It has been a challenging week in my garden despite the wonderful weather. Actually even the weather has been deceptively nice. I planted 350 Tulip bulbs on Monday, record high temperatures, and found the soil still very dry.
Made an interesting test of all the new trowels.
I spent an hour watering them and then it rained on Tuesday. There was still not a great volume of rain so my efforts were not totally in vain.
I came home one day last week to find a piece of yellow plastic on the large concrete corner post of my front porch. The bushy tailed tree rats, (aka, squirrels,) were apparently tired of my procrastination and decided to take matters into their own hands. They crawled into the box of bulbs, scampered past the loose Tulip bulbs and found my one bag of Crocus bulbs. They dragged the whole bag out of the box, onto the porch corner post, ripped it open, ate all of the Crocus bulbs and left me the wrapper as a thank you note. I guess they saved me the effort of planting them first?? I’m trying hard to be grateful.
Those Tulips were stored in their shipping box on my front porch, along with all of the other bulbs that I have not yet planted. I’m trying to pretend that my procrastination is actually good planning. Putting bulbs into soil that is still quite warm can cause them to start growing. They will not flower without their cold period but they will poke their noses out. These exposed growing points can be frozen during the winter and reduce the bloom next spring. Therefore my late planting is probably going to be beneficial to next spring’s floral display. Is that not the best justification for procrastination that you have ever heard.

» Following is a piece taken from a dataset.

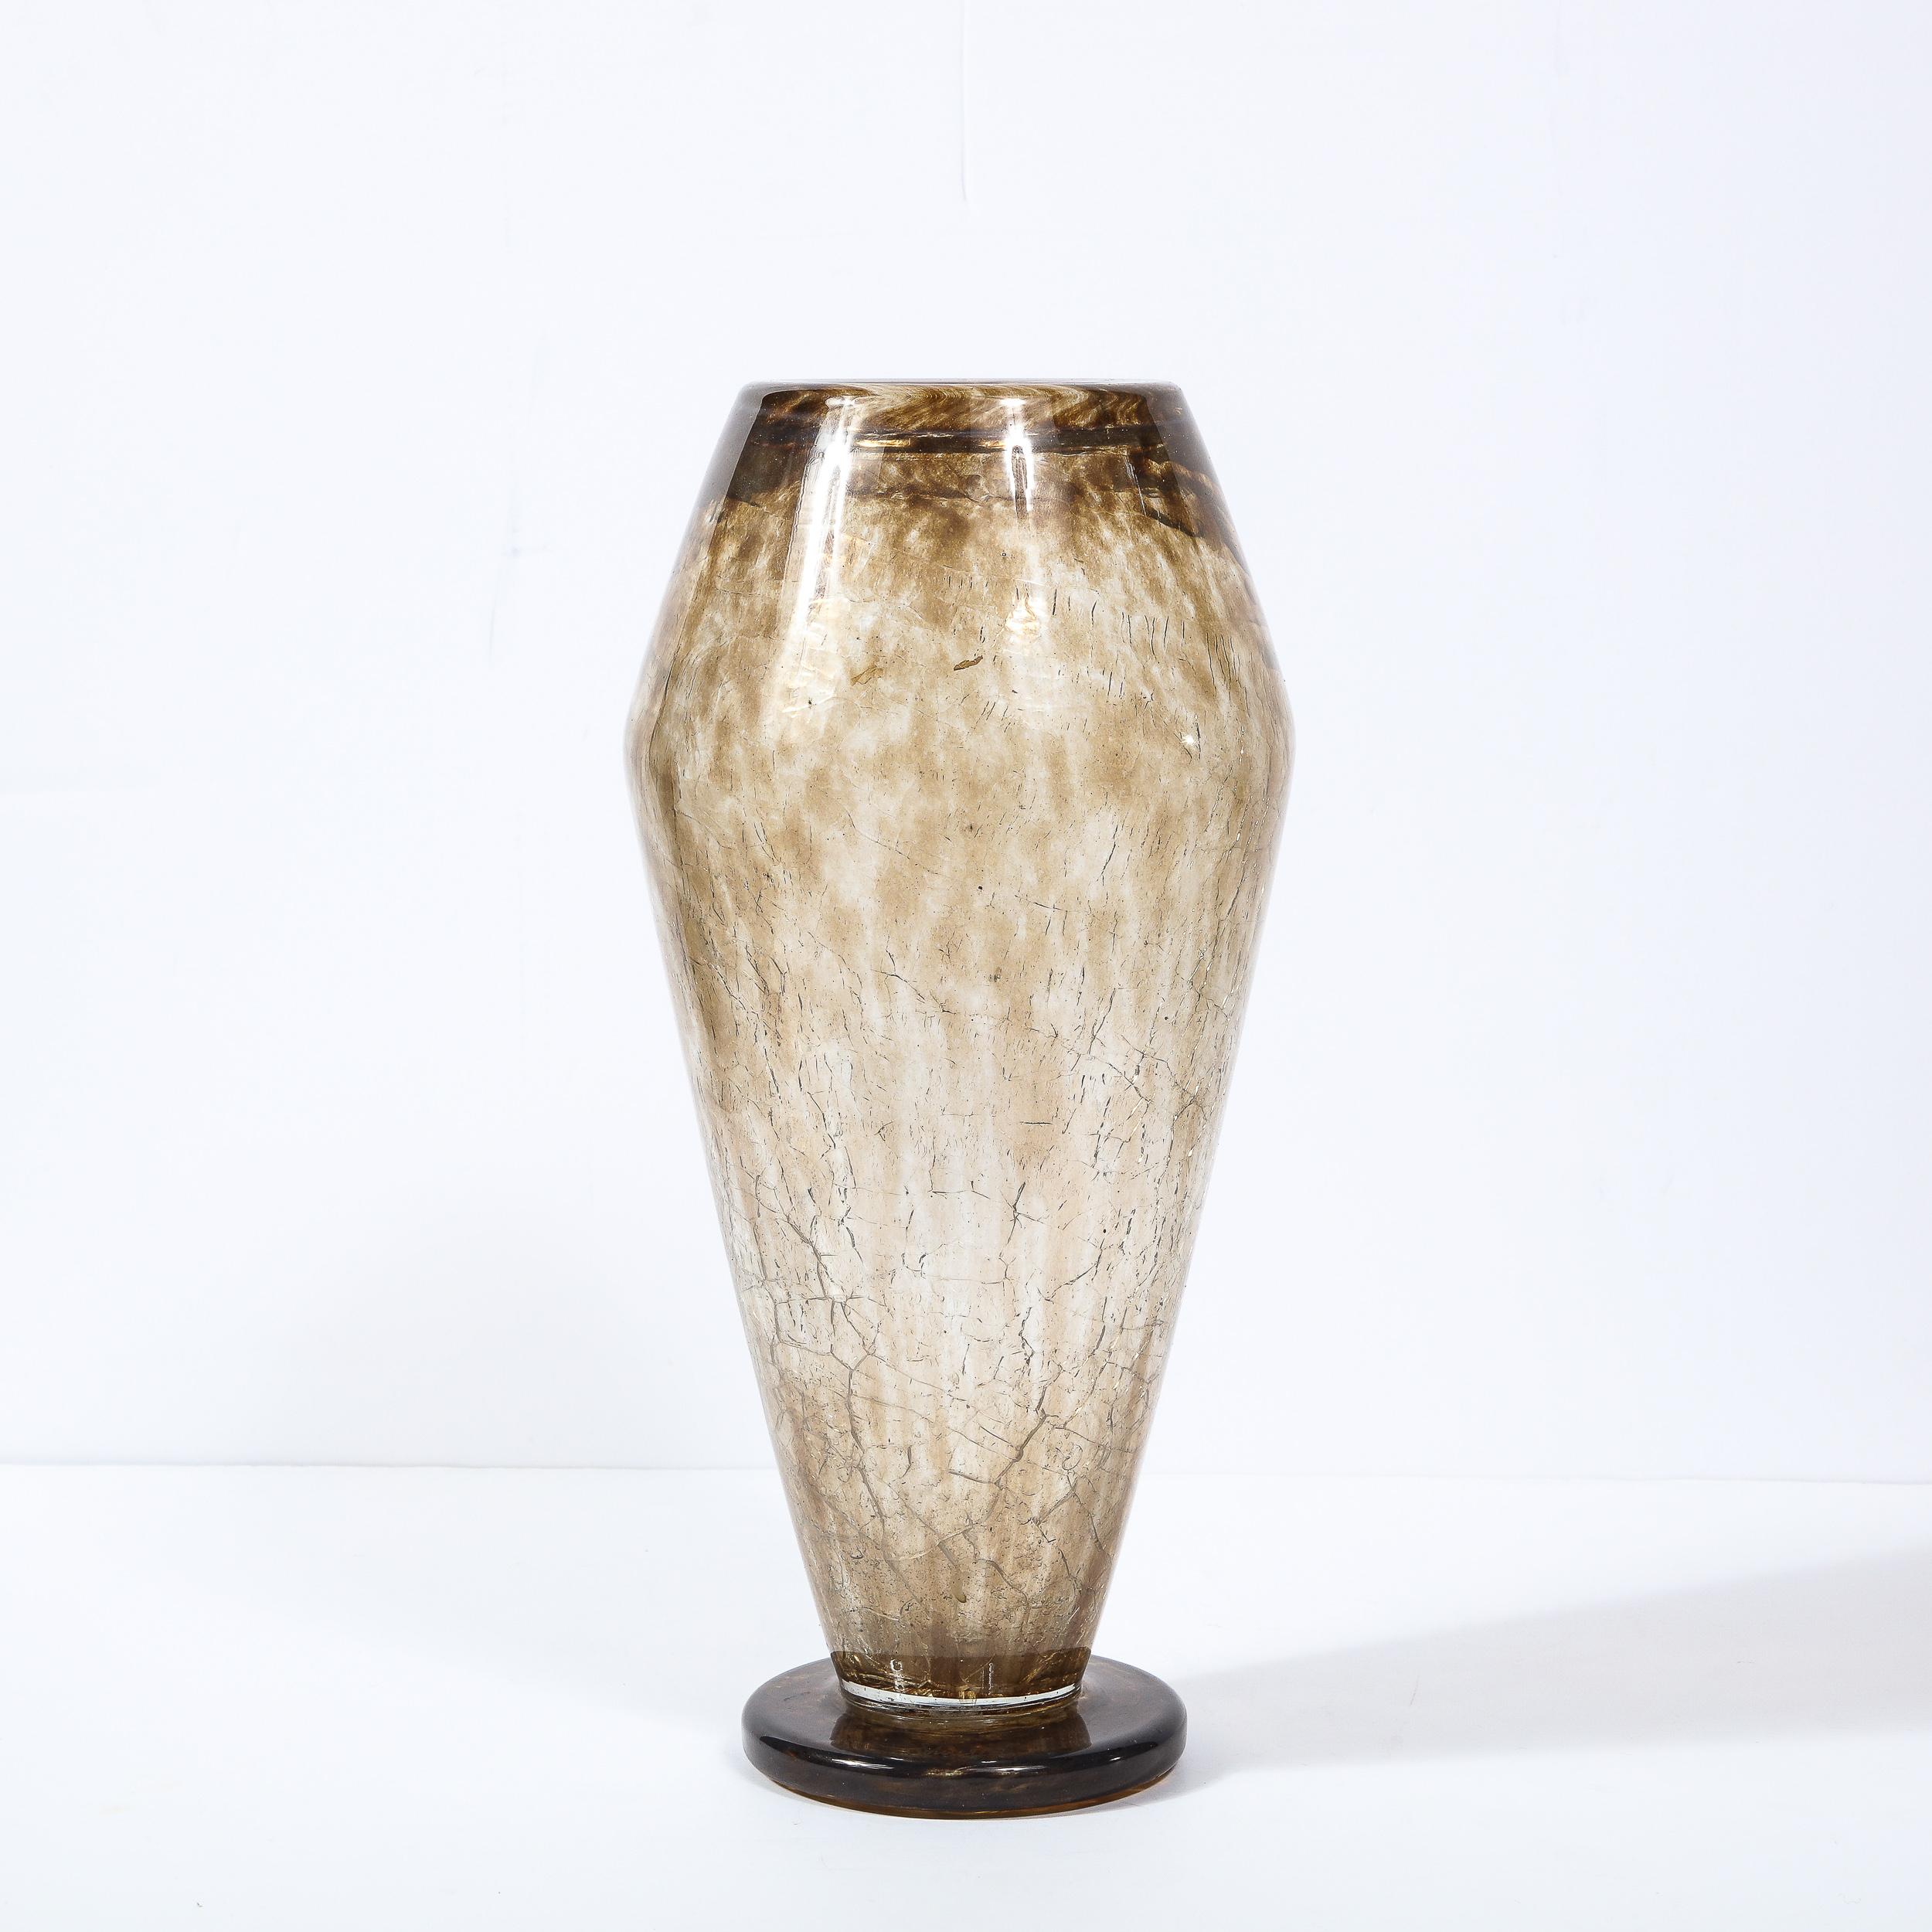 This stunning Art Deco vase (signed Schneider) was realized in the studio of the esteemed glass makers Ernest and Charles Schneider circa 1925. The Schneider Brothers were some of the most respected and masterful glass artists in France during this

One day last week, my wife told me that she had seen the Great Blue Heron sitting in the Pine tree. He had been by a couple of years ago and done a little fishing in my lower, shallower pond. The next day when I checked the ponds, ALL of the fish were gone. Every pond, every fish! They were only goldfish but some of them had become quite large in the 8 years they had been with us. I thought that the water in the upper ponds was too deep for Great Blue to fish in. Apparently he has grown even longer legs. We’ll start again next spring but what will my grandson feed when he comes to visit? I cannot think of an effective way to stop this bird from turning our ponds into his private feeding station. Readers please offer advice here!
Reading “Dallying” to this point would almost want to make you give up gardening but there are still lots of little delights that keep me out enjoying our favourite pastime. I brought in a yard of rich new soil, (locally sold as triple mix, combining topsoil, peat and mushroom compost,) and filled up the propagating bed so that I could plant all of the nice new perennials that made the trip back from Oklahoma. New varieties of Baptisia, Achillea and a Lagerstroemia that is supposed be hardy to Canadian zone 5. We put them in this separate raised bed to see how they perform and to give me a little longer to figure out the most appropriate location in the garden for them. I’ll probably still eventually move them several times as my ever changing vision for the garden evolves. If we could just develop perennials on wheels; life in my garden would be so much easier.
The rest of this rich new soil was added to the top of the berm. This little hill that winds its way across the back of the yard was originally made with the soil, (to use that term very loosely,) that was excavated when the ponds were dug. I have continued to add better quality material to the top of it over the years. It is planted along its top ridge with a few flowering shrubs to help separate and screen the back section of the yard. Mother nature, being bound by the rules of gravity, lets the top of the berm slide towards the bottom with great regularity leaving the roots of those shrubs exposed. Again this week I was able to avoid a trip to the gym by shoveling and wheeling several barrow loads of soil onto the top of the berm. The new soil was incorporated into the old by the planting of those 200 Lilac Beauty species tulips that I can contemplate all winter and enjoy in the spring.
I continue to search for the appropriate perennial that I can establish on the berm to stop the soil slide. It is in the shade. Ferns should do well. No! it is quite well drained and therefore often very dry. The Tulips are great; they tolerate the shade and like the baked dry summer but we need something green when the Tulips are having their mid-summer nap. Some of the
are starting to establish but when I just checked their spelling in my reference book it reminded me that “increase is seldom rapid” a polite description of very slow growing. That’s gardening. A constant source of challenge and experimentation; bounteous success and brown leaved opportunities to try again.
My newsletter subscribers get to ask me questions. Just ‘reply’ to the email newsletter. It is always interesting to read the questions; mostly to see if I actually can answer them or if I have to wade into the textbooks to research the answers. If that happens then we all learn something.
Claire asks? I want a new tree in the backyard. Is it tool late to plant one; they’re all on sale at the garden centre?
Ken answers! Some things always work out well. This is the best time of year to move deciduous trees and because many people have given up gardening for the season those trees are frequently a bargain. Dig a hole this weekend; they always grow lots of new roots after their leaves have fallen.
Tom asks? Should I clean out all of my vegetable garden now?
Ken answers! No. We have had no frost in my part of the country and several great vegetables, Brussels sprouts, Leeks, Parsnips taste much better after they have had a couple of frosts. I usually wind up pulling the last of these out of the early snow in December and they are fresh and delicious.